Он только рукой махнул:

— Даже не знаю! Признаюсь, я все время просидел, не высовывая носа на улицу, в номере гостиницы; но все говорили, что там великолепно.

— В чем же дело? — спросил я участливо. — Вы болели?

— Да нет, — ответил Мусил с напускной скромностью, — я все время расшифровывал письмо Мандела; и если хотите знать, я его все-таки расшифровал! — заявил он победоносно. — Только два-три слова не смог прочесть. Я бился над ним все дни и ночи, но я твердо решил расшифровать его, и я это сделал.

У меня не хватило духу сказать ему, что записка — всего лишь мои досужие упражнения.

— А записка была такой уж серьезной? — спросил я с участием. — Стоила она, по крайней мере, такого труда?

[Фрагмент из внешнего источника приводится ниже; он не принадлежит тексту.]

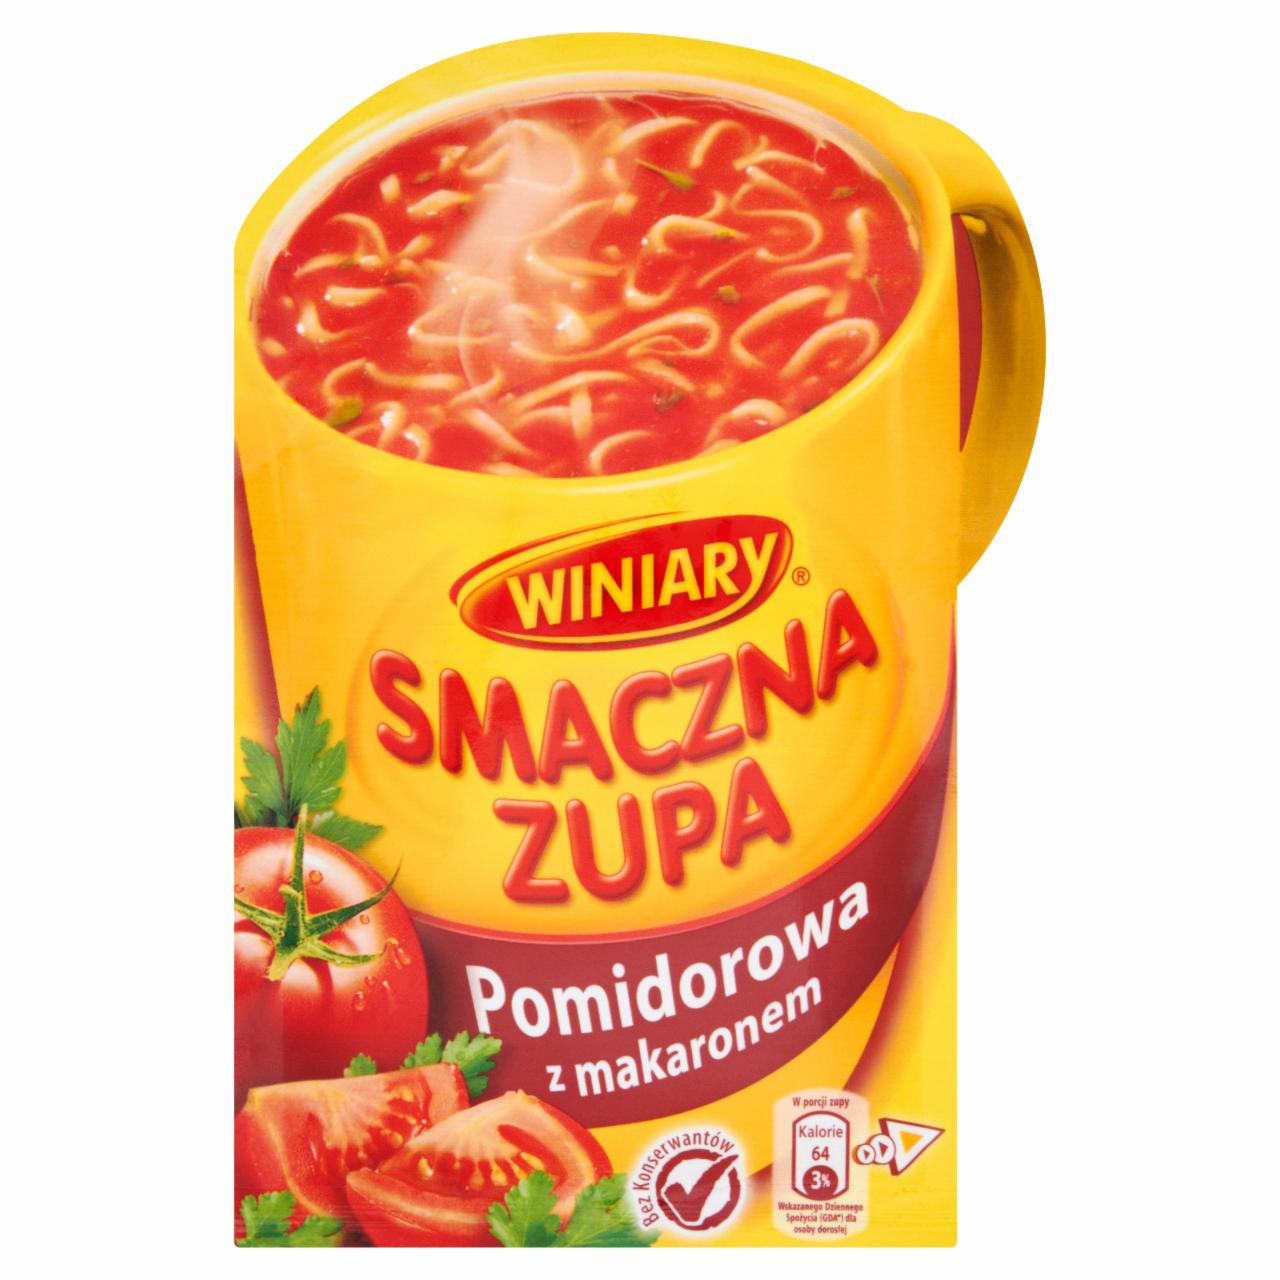 Zdjęcia - Winiary Smaczna Zupa Pomidorowa z makaronem 18 g
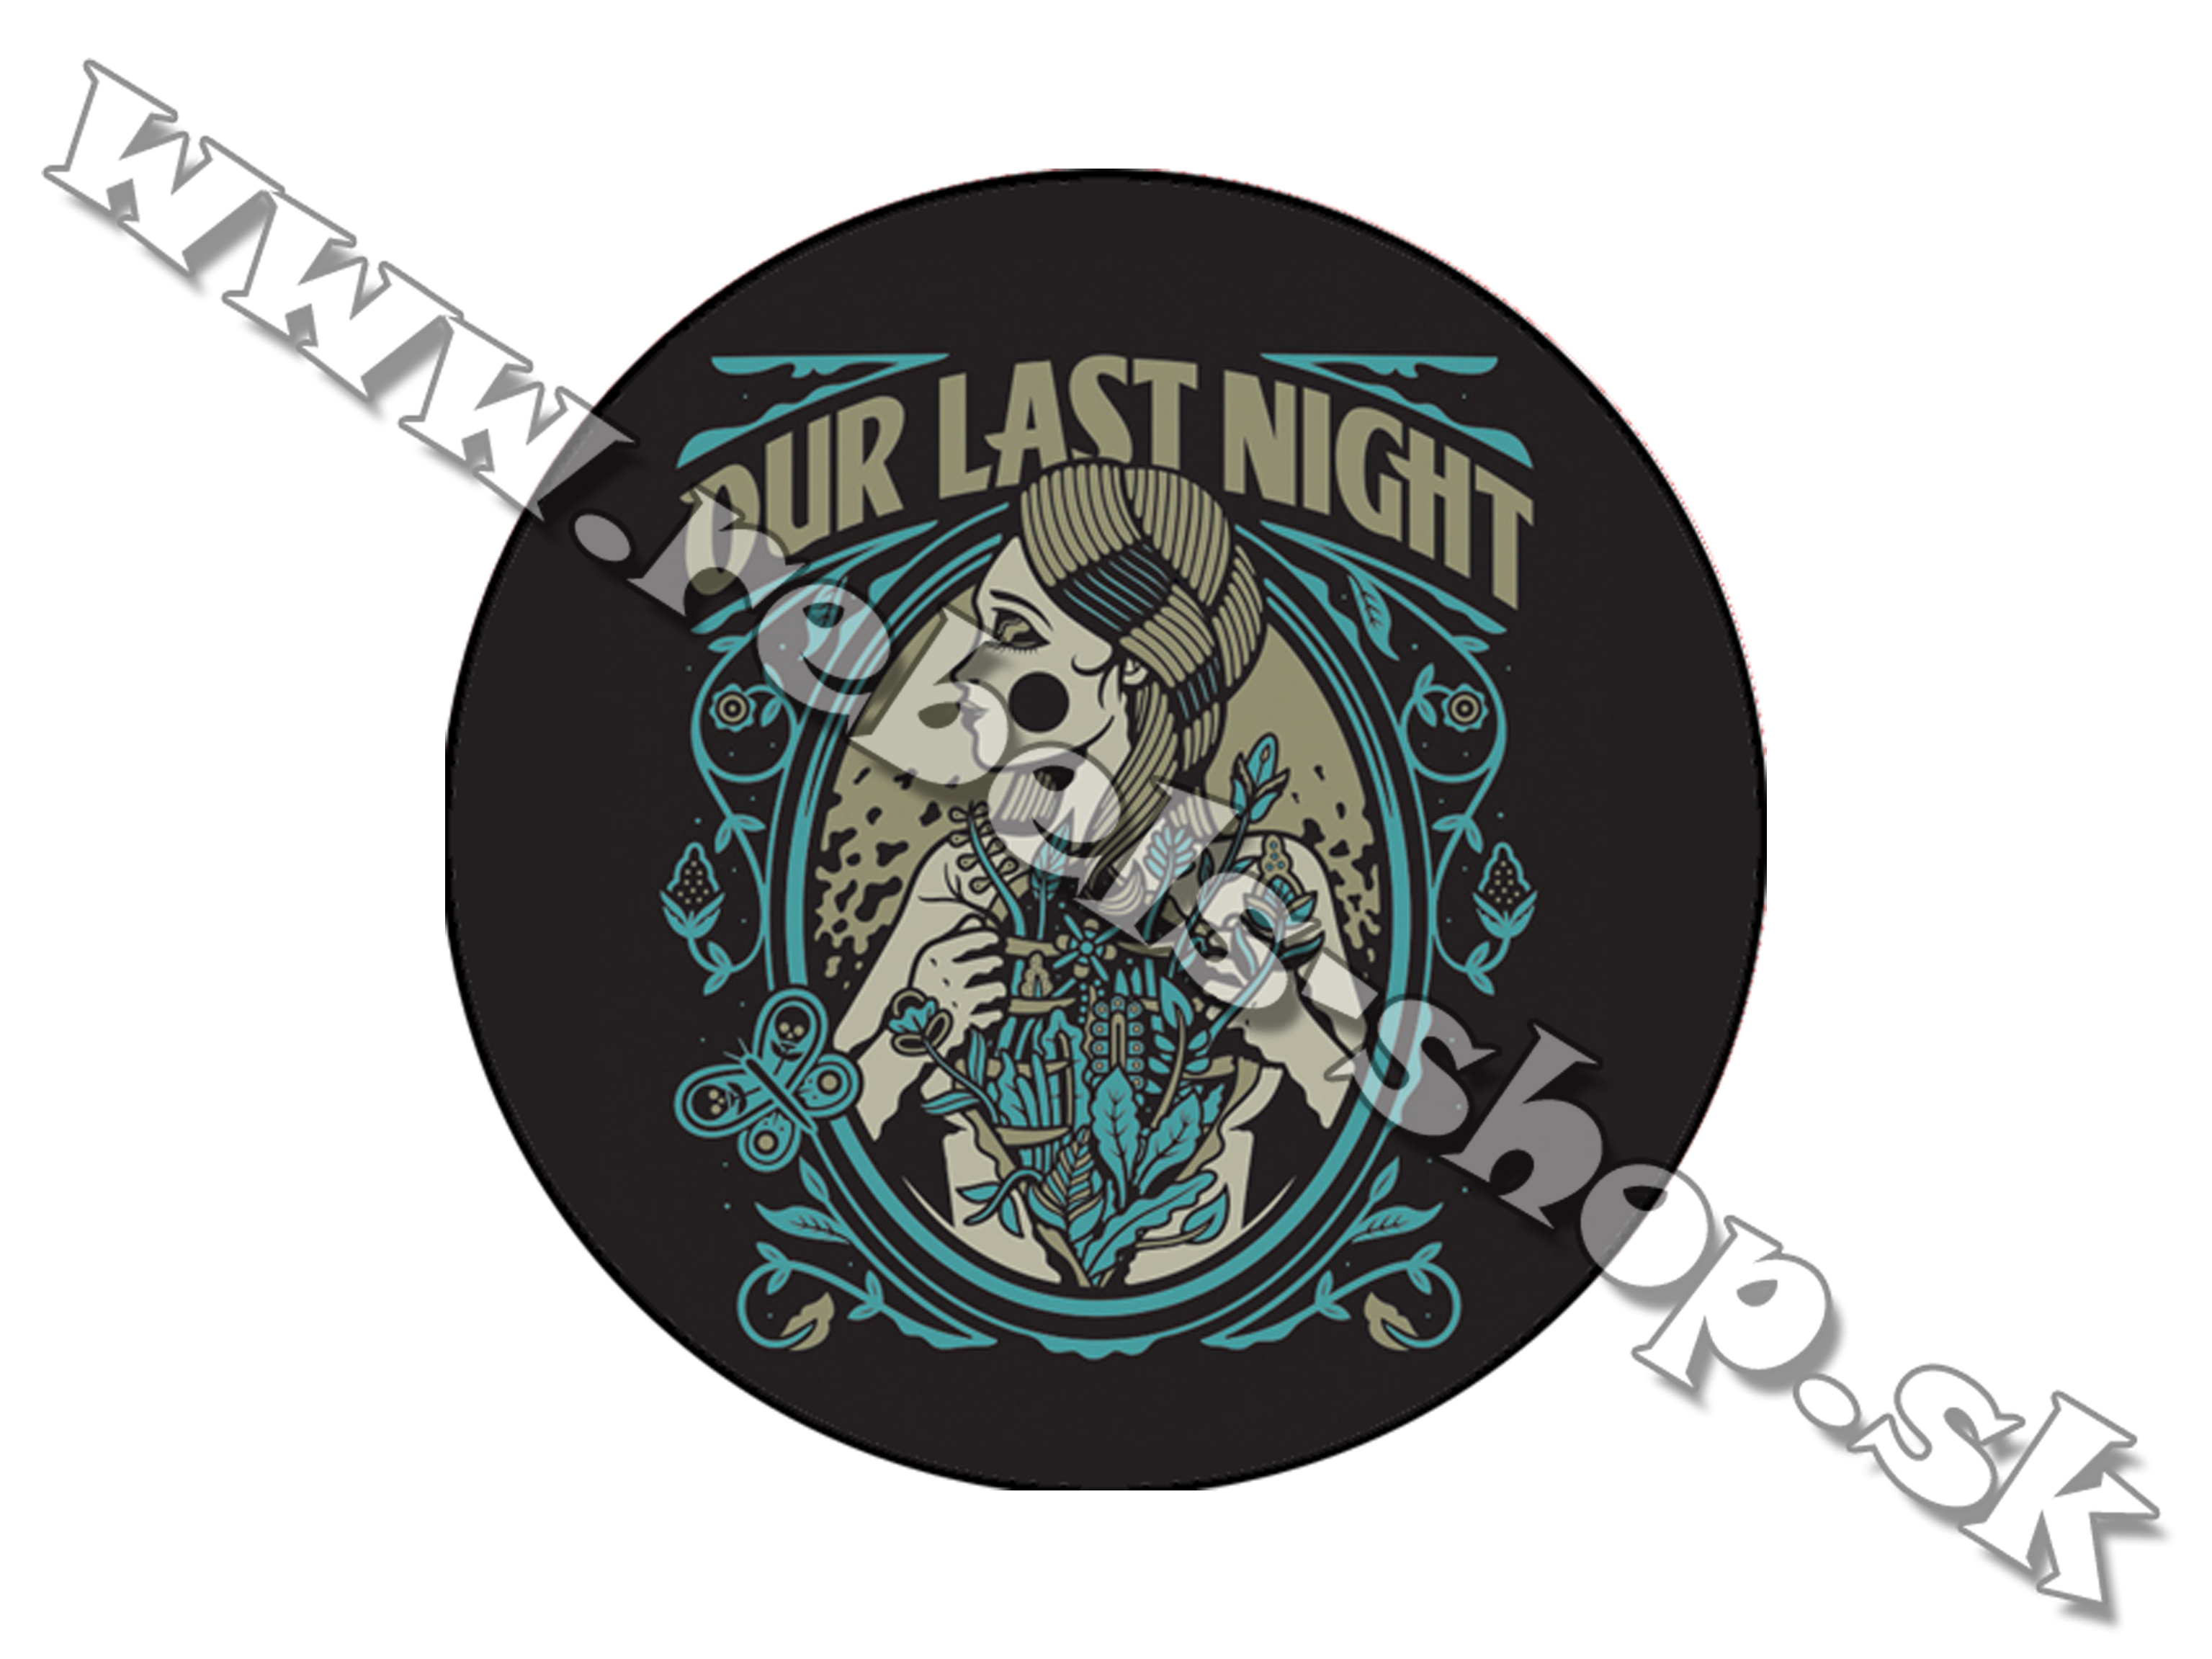 Odznak "Our Last Night"

— Это не важно, — гордо ответил Мусил, — меня это интересовало скорее как графологическая проблема. Доктор Мандел просит меня написать за две недели статью в его журнал, но вот о чем, — этого я как раз и не смог разобрать; затем он желает мне весело провести праздники и хорошенько отдохнуть в горах. В общем, пустяки; зато разрешение этой проблемы, сударь, было твердым методологическим орешком и незаменимой тренировкой для ума. Ради этого стоило провести несколько бессонных ночей.

* * *

— Вы не должны были так поступать, — заметил укоризненно пан Паулюс. — Черт с ними с несколькими днями, но жаль бессонных ночей. Сон, сударь мой, не только отдых для тела; сон — это вроде очищения и прощения за прошедший день. Сон — особая милость; и первые несколько минут после хорошего сна всякая душа чиста и невинна, как дитя.

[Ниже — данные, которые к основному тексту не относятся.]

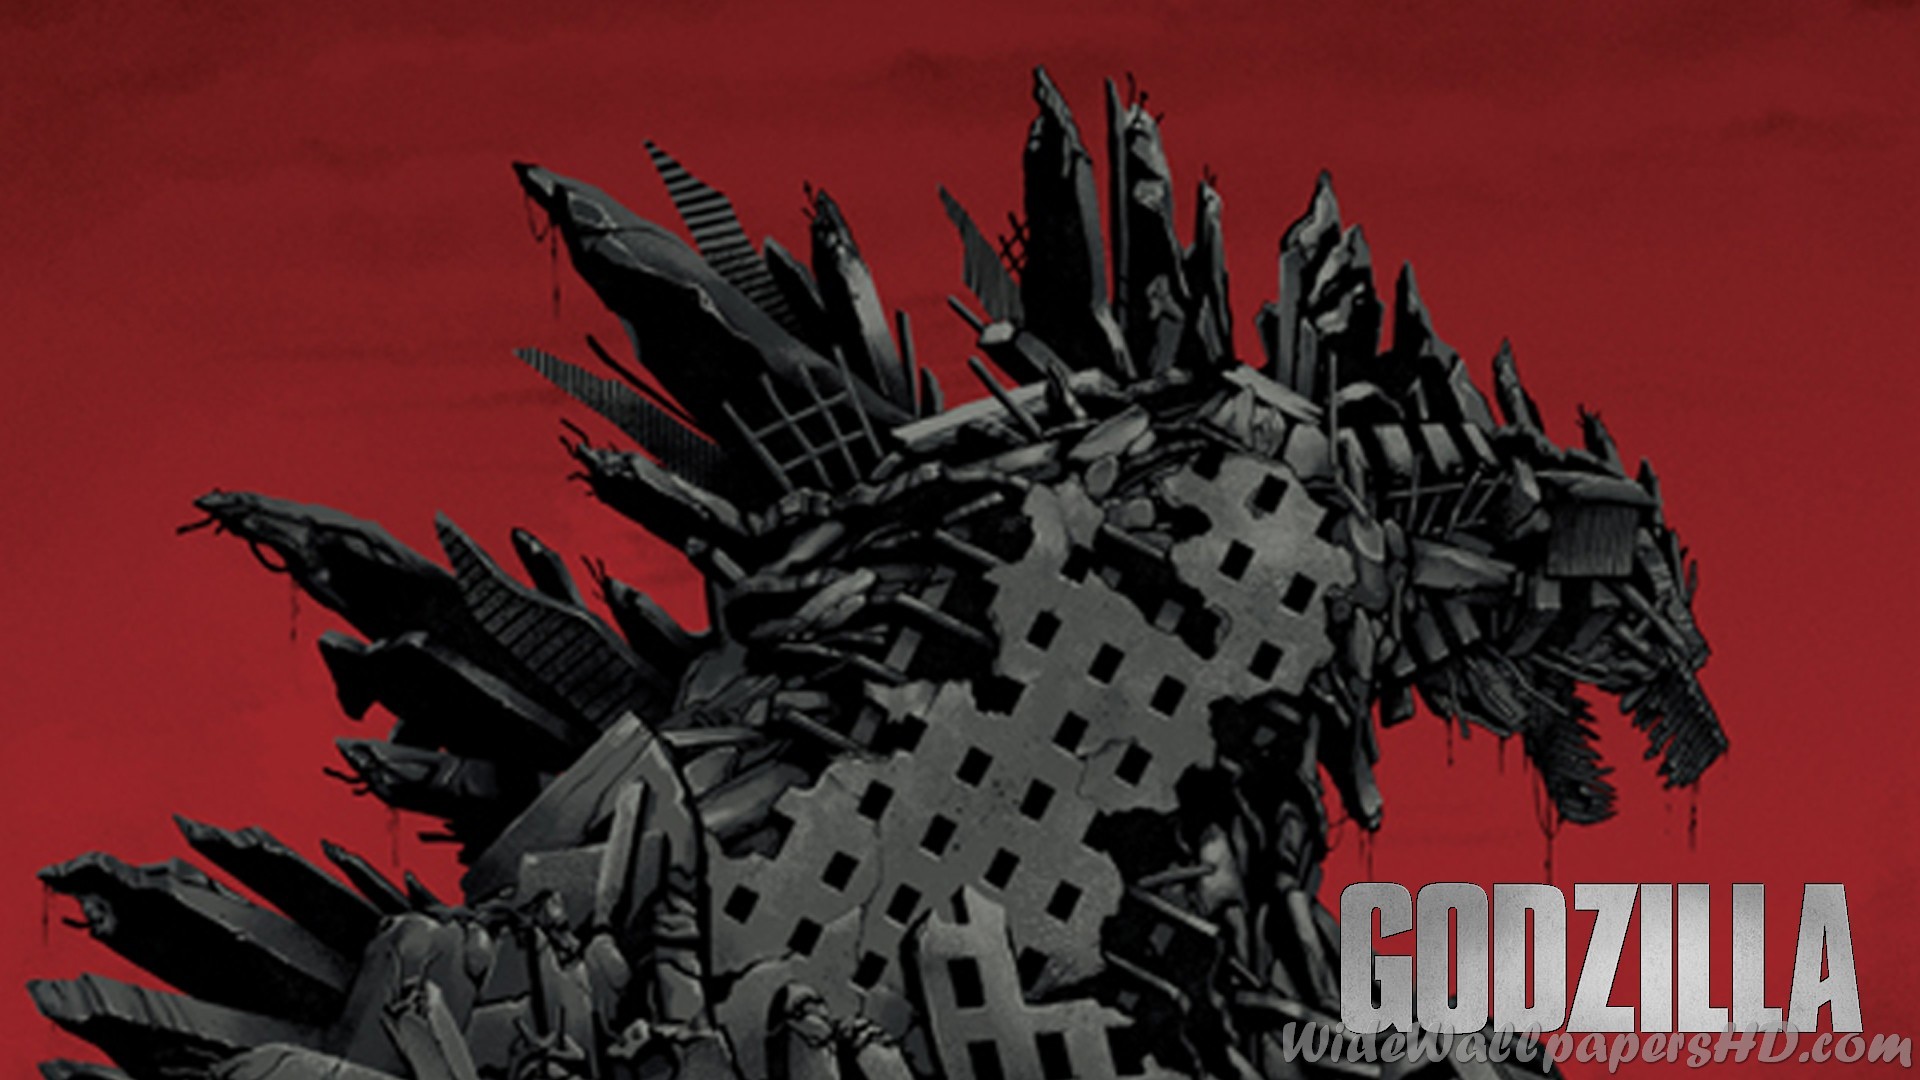 1920x1080 Godzilla 2014 wallpaper - 1152031

Я это знаю, потому что было время, когда я лишился сна. Вероятно, это было следствием беспорядочной жизни, или что-то во мне разладилось, не могу сказать; но стоило мне лечь в постель и ощутить под веками первое щекотание сонливости, во мне что-то как бы щелкало, и я часами лежал и таращился в темноту, пока не начинало светать. Я мучился год — год без сна.

Когда вот так не можешь уснуть, сначала стараешься ни о чем не думать; поэтому начинаешь считать или молиться. И вдруг всплывает мысль: боже мой, вчера я забыл сделать то-то и то-то! Потом приходит в голову, что, кажется, тебя надули в лавочке, когда ты расплачивался. Затем вспомнишь, что жена или приятель намедни ответили тебе как-то странно. Тут в доме что-то скрипнет, и ты думаешь, что это вор, и тебя бросает в жар от страха. Но как только поддаешься страху, то начинаешь анализировать свое физическое состояние и, взмокнув от ужаса, вспоминаешь, что тебе известно о нефрите или о раке. Без всякого повода вдруг мелькнет воспоминание о постыдной глупости, которую ты совершил двадцать лет назад, но тебя и сейчас еще прошибает пот уже от стыда. Слово за словом ведешь ты очную ставку с этим странным, неотвязным и неискупленным «я»; со своей слабостью, собственной грубостью и мерзостью, с недугами и обидами, глупостями, конфузами и страданиями, давно отошедшими в прошлое. И возвращается к тебе все мучительное, болезненное и унизительное, что ты когда-либо испытал; нет пощады тому, кто не может спать. Весь твой мир искажается и обретает тягостную перспективу; дела, о которых ты только-только забыл, ухмыляются тебе, словно говоря: болван, хорошо же ты тогда поступил; а помнишь, как твоя первая любовь, когда тебе было четырнадцать лет, не пришла на свидание. Так вот знай: она тогда целовалась с другим, с твоим приятелем Войтой, и они смеялись над тобой! Эх ты, дурень, дурень, дурень! — И ты ворочаешься в жаркой постели и хочешь уговорить себя: черт возьми, да мне до этого давно нет дела! Что было, то сплыло, и точка. А я скажу вам, это не так. Все, что было, — есть. Продолжает существовать даже то, что ты уже не помнишь. Я считаю, что память живет и после смерти.